══ Task material

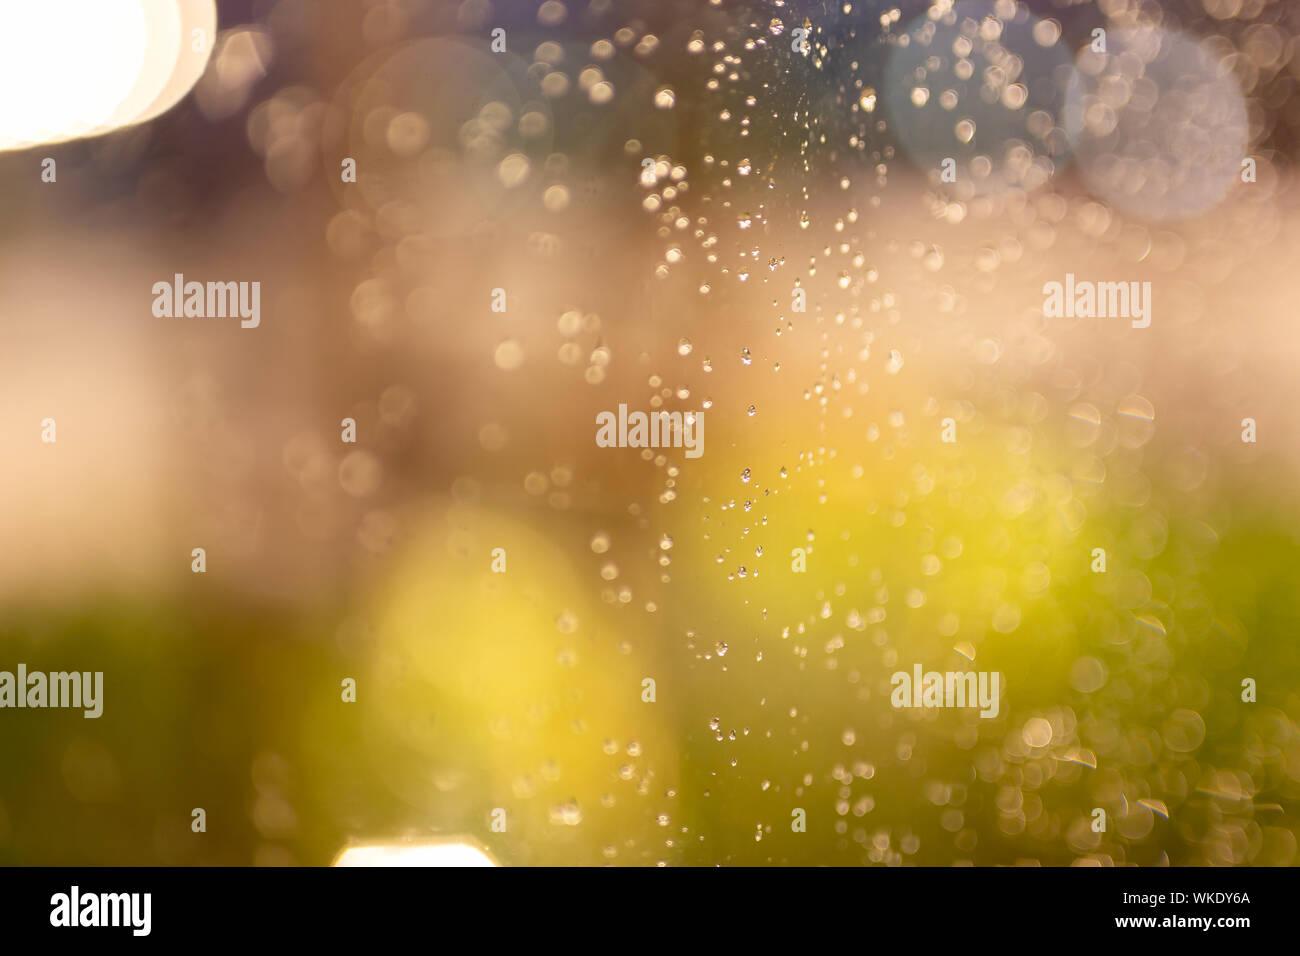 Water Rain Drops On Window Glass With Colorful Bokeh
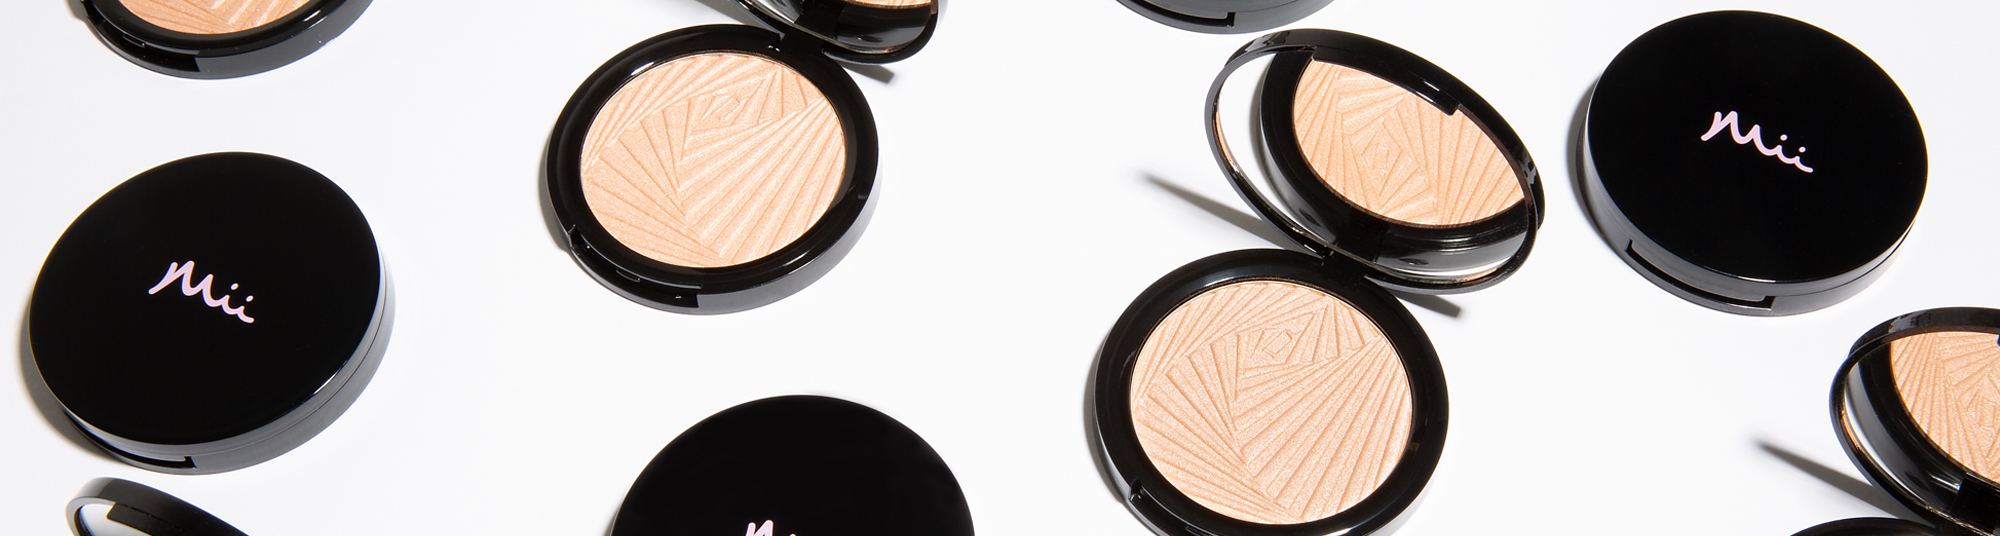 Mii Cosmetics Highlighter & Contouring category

════
══ Task material

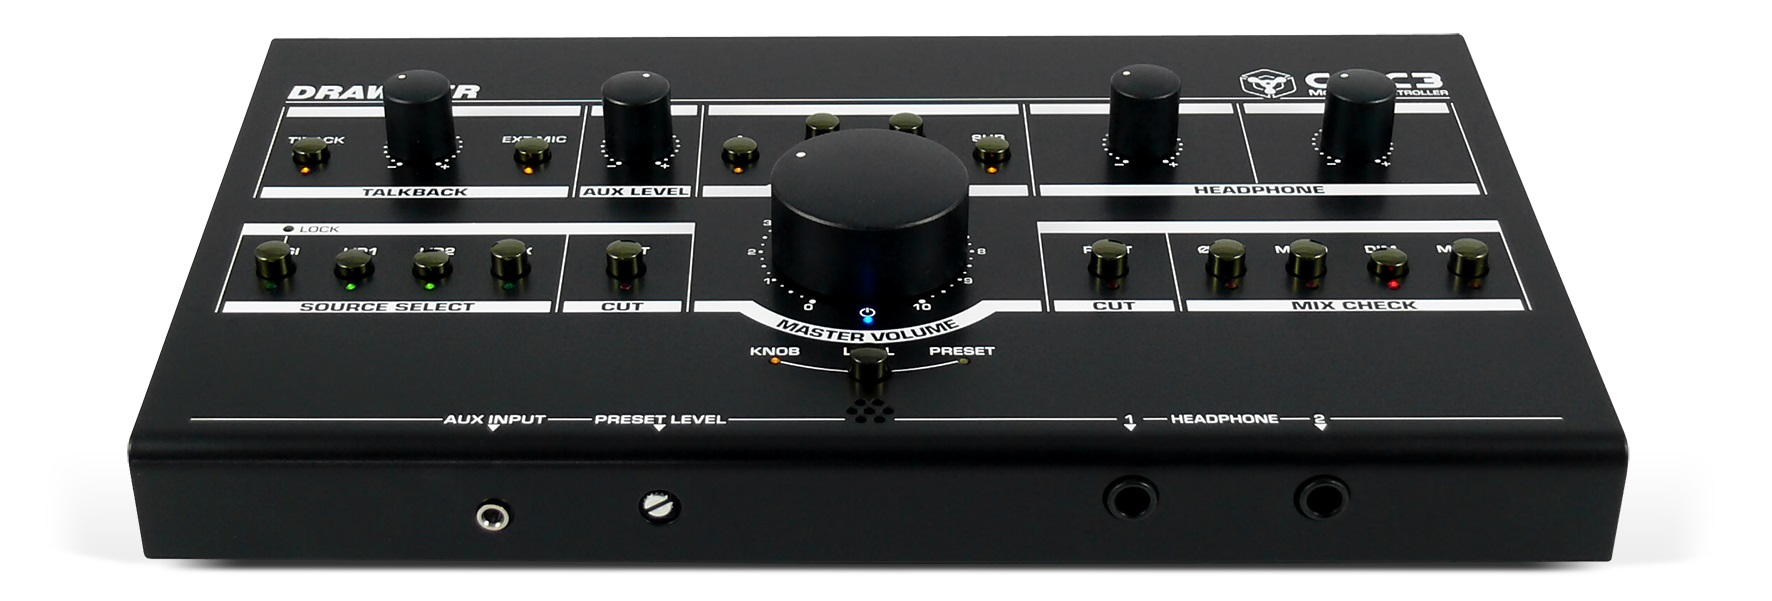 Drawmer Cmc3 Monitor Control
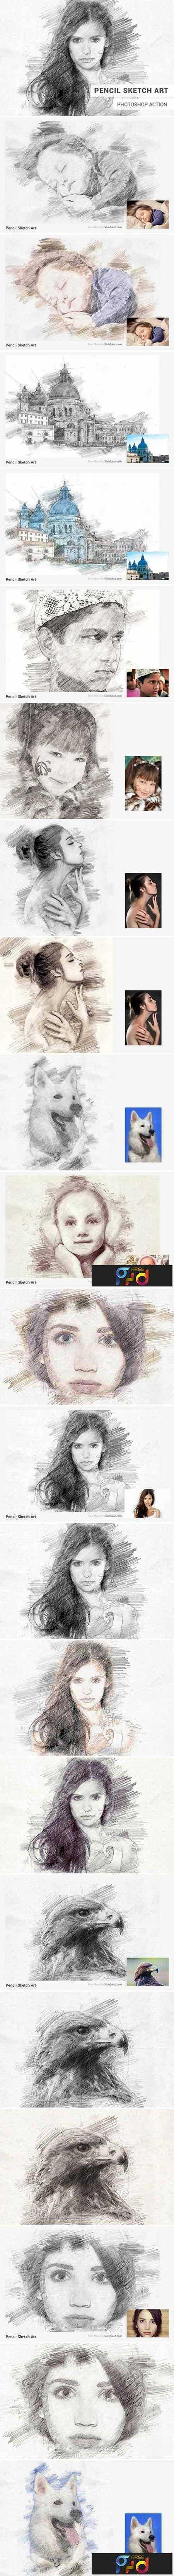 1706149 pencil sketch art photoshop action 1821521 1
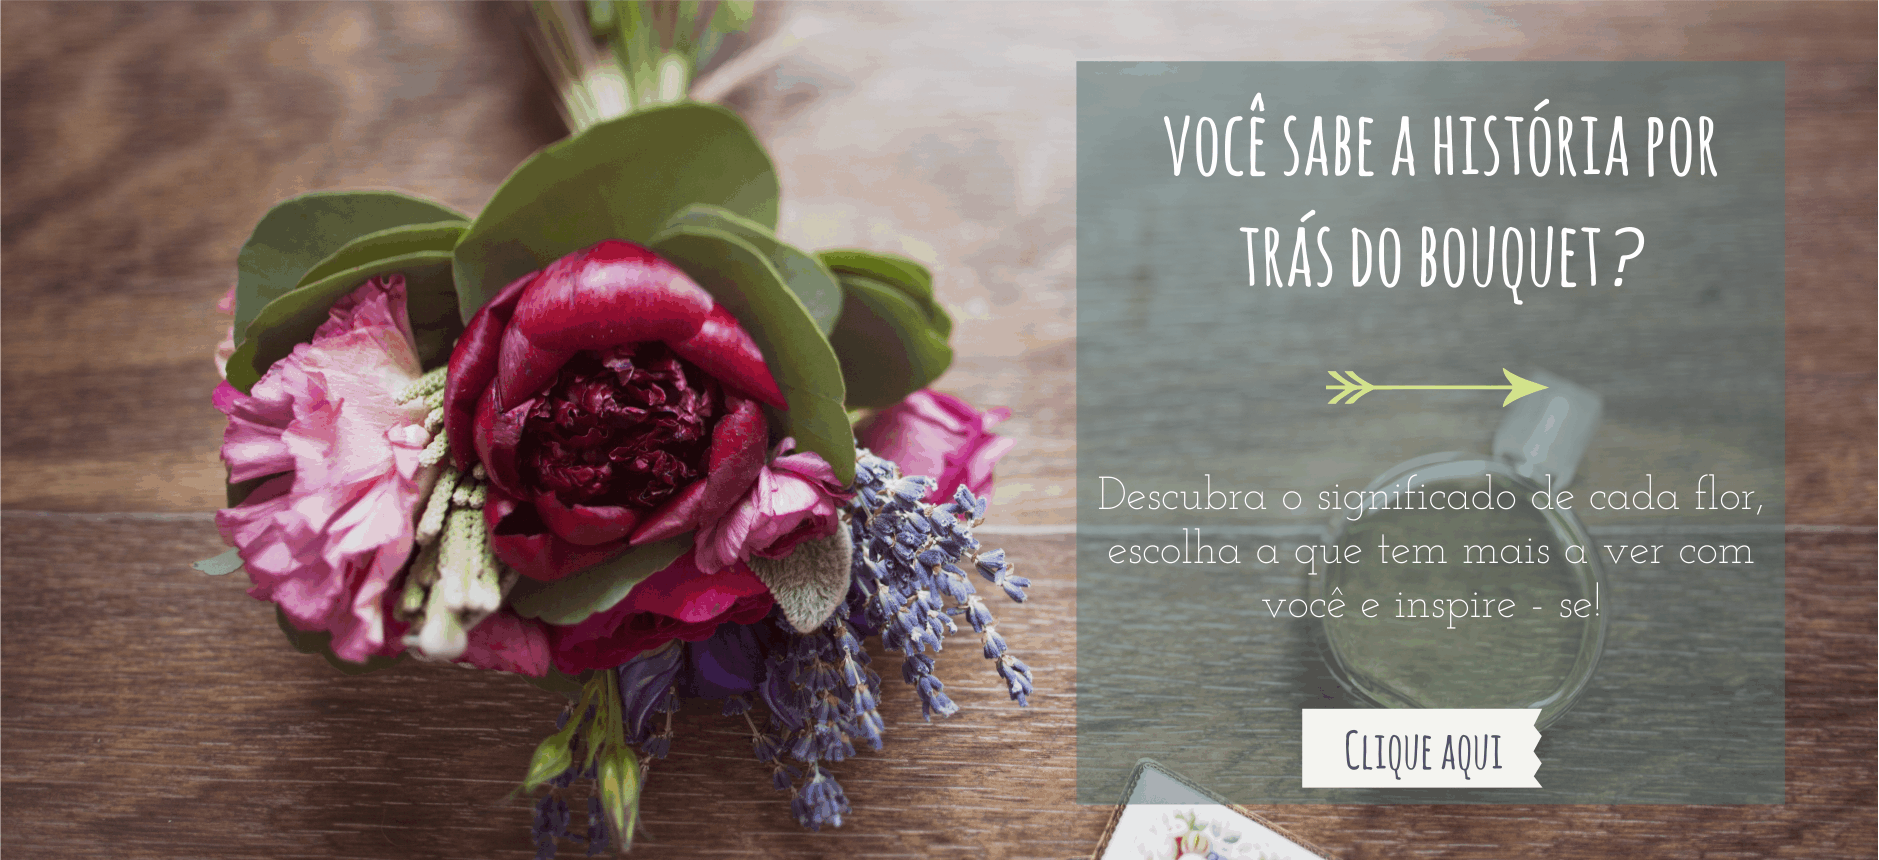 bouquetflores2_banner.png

════

Exactly the lines starting at the one above with "Water Rain Drops" and ending at the one with "Mii Cosmetics Highlighter" should be printed, and nothing else. Omit the pictures.

 Water Rain Drops On Window Glass With Colorful Bokeh
 Mii Cosmetics Highlighter & Contouring category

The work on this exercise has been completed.